Merge lp:~mbp/launchpad/690021-rlimit into lp:launchpad

Proposed by Martin Pool
Status: Merged
Approved by: Robert Collins
Approved revision: no longer in the source branch.
Merged at revision: 12991
Proposed branch: lp:~mbp/launchpad/690021-rlimit
Merge into: lp:launchpad
Diff against target: 21 lines (+5/-0)
1 file modified
cronscripts/scan_branches.py (+5/-0)
To merge this branch: bzr merge lp:~mbp/launchpad/690021-rlimit
Reviewer Review Type Date Requested Status
Robert Collins (community) Approve
Martin Pool (community) Disapprove
Tim Penhey (community) Needs Information
Michael Hudson-Doyle Approve
Review via email: mp+43733@code.launchpad.net

Commit message

[r=lifeless,mwhudson][ui=none][bug=690021][no-qa] set 2GB rlimit on scan_branches.py

Description of the change

This change limits the address space of scan_branches.py to 2GB. If it tries to allocate more, it will crash. See <https://bugs.launchpad.net/launchpad-code/+bug/690021>

After some discussion with spm and mwh on irc this seemed like a good idea. It is consistent with what we do in other scripts.
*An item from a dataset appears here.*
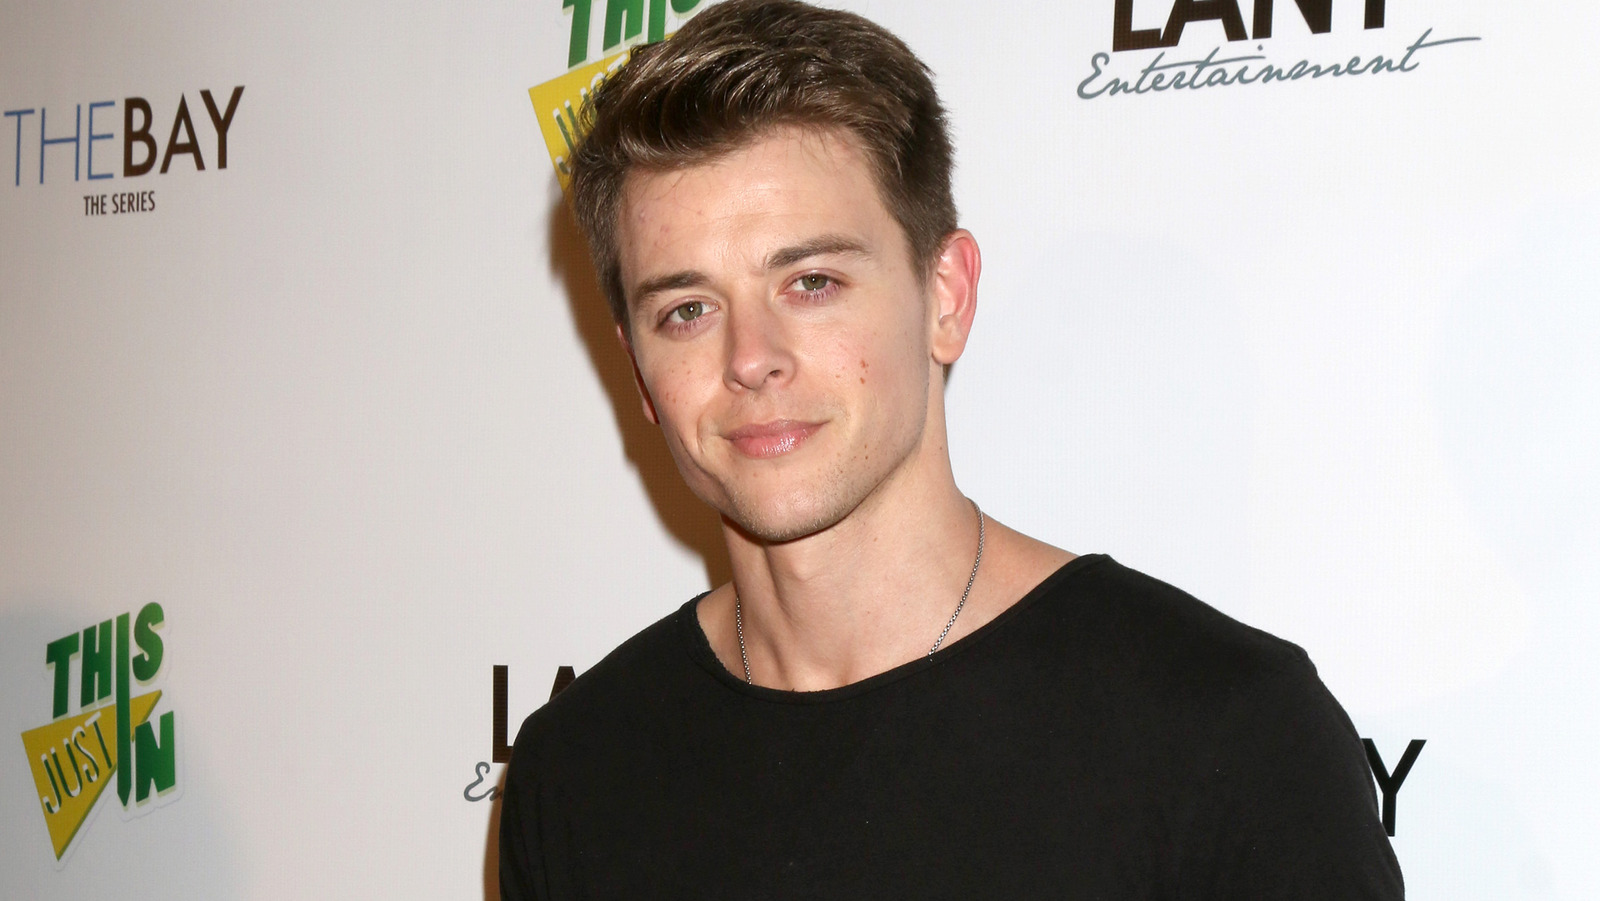 General Hospital Star Chad Duell Becomes First-Time Dad As He Welcomes Baby Boy – The List
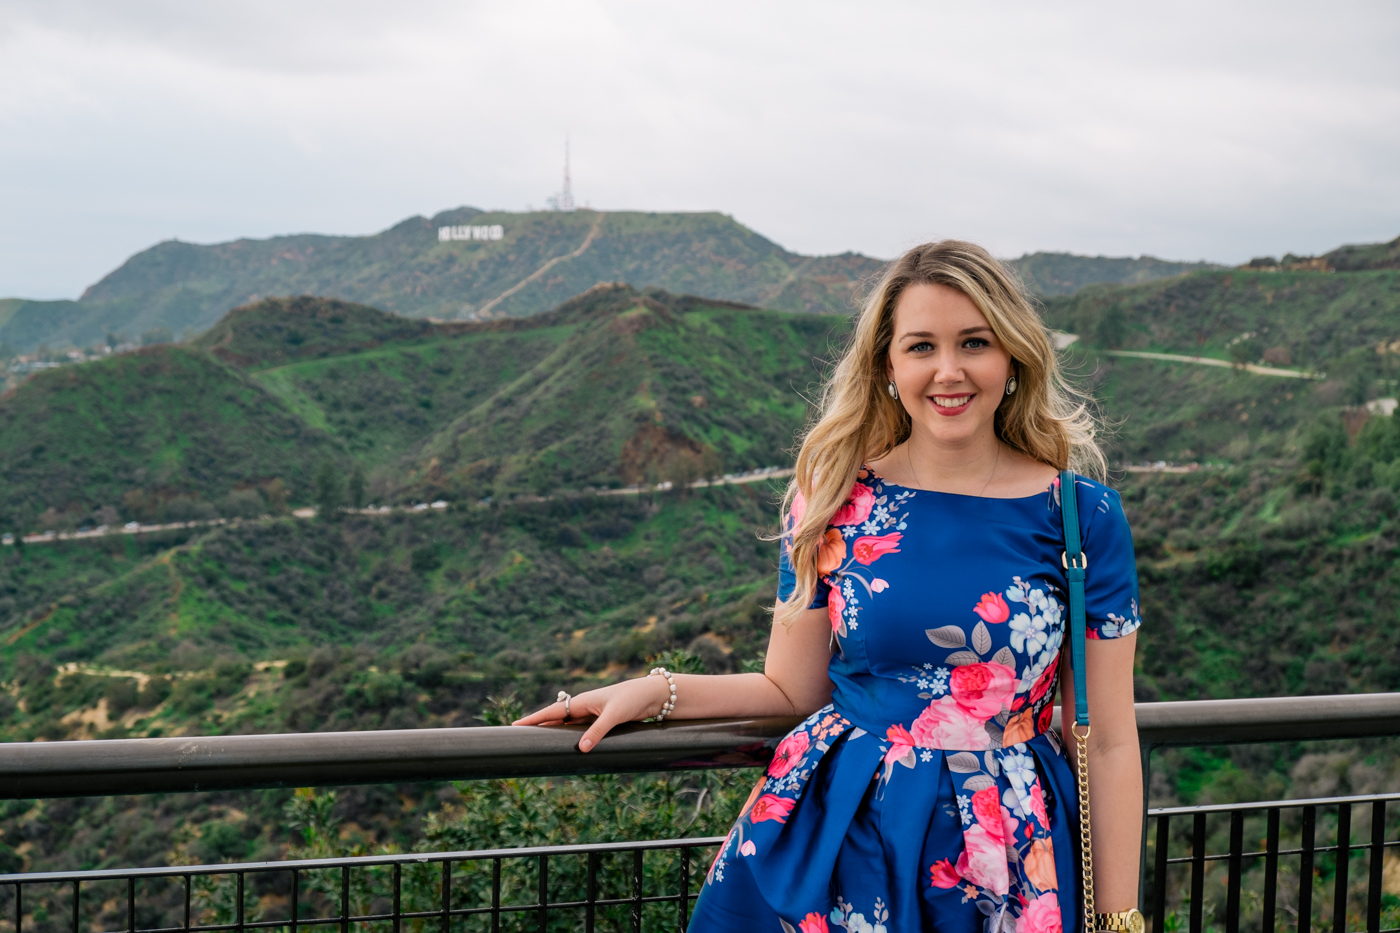 Debora Dahl, Lala land Location guide, Los Angeles, GRIFFITH OBSERVATORY, Hollywood Sign

2Gb is a compromise between I hope being small enough to stop the machine bogging down, but not so small that scans that would otherwise succeed will now fail.

It would be nice if the limit was not hard coded, but this seems like the most pragmatic thing for now. I added a note on https://dev.launchpad.net/LEP/FeatureFlags that we could potentially do it there.

Obviously this will not actually fix whatever the bad scaling behaviour is in bug 690021; we should probably split that to a separate bug.

I would welcome opinions on how to test this. Do these jobs run on staging or qastaging? Perhaps we should just let it get to production and then watch for it to fail cleanly.

To post a comment you must log in.
Revision history for this message
Michael Hudson-Doyle (mwhudson) :
review: Approve
Revision history for this message
Martin Pool (mbp) wrote :

I tested this locally, and it didn't explode:

mbp@lp-lucid% ./cronscripts/scan_branches.py
2010-12-15 07:53:37 INFO Creating lockfile: /var/lock/launchpad-runscanbranches.lock
2010-12-15 07:53:43 INFO Running synchronously.
./cronscripts/scan_branches.py 7.02s user 0.55s system 71% cpu 10.547 total

I think it's ok to merge. Apparently we now have pqm permission, but I have not yet tried it.

Revision history for this message
Martin Pool (mbp) wrote :

I get an error message

PQMException: 'Failed to verify signature: gpgv exited with error code 2'

could somebody else please sponsor landing of this for me?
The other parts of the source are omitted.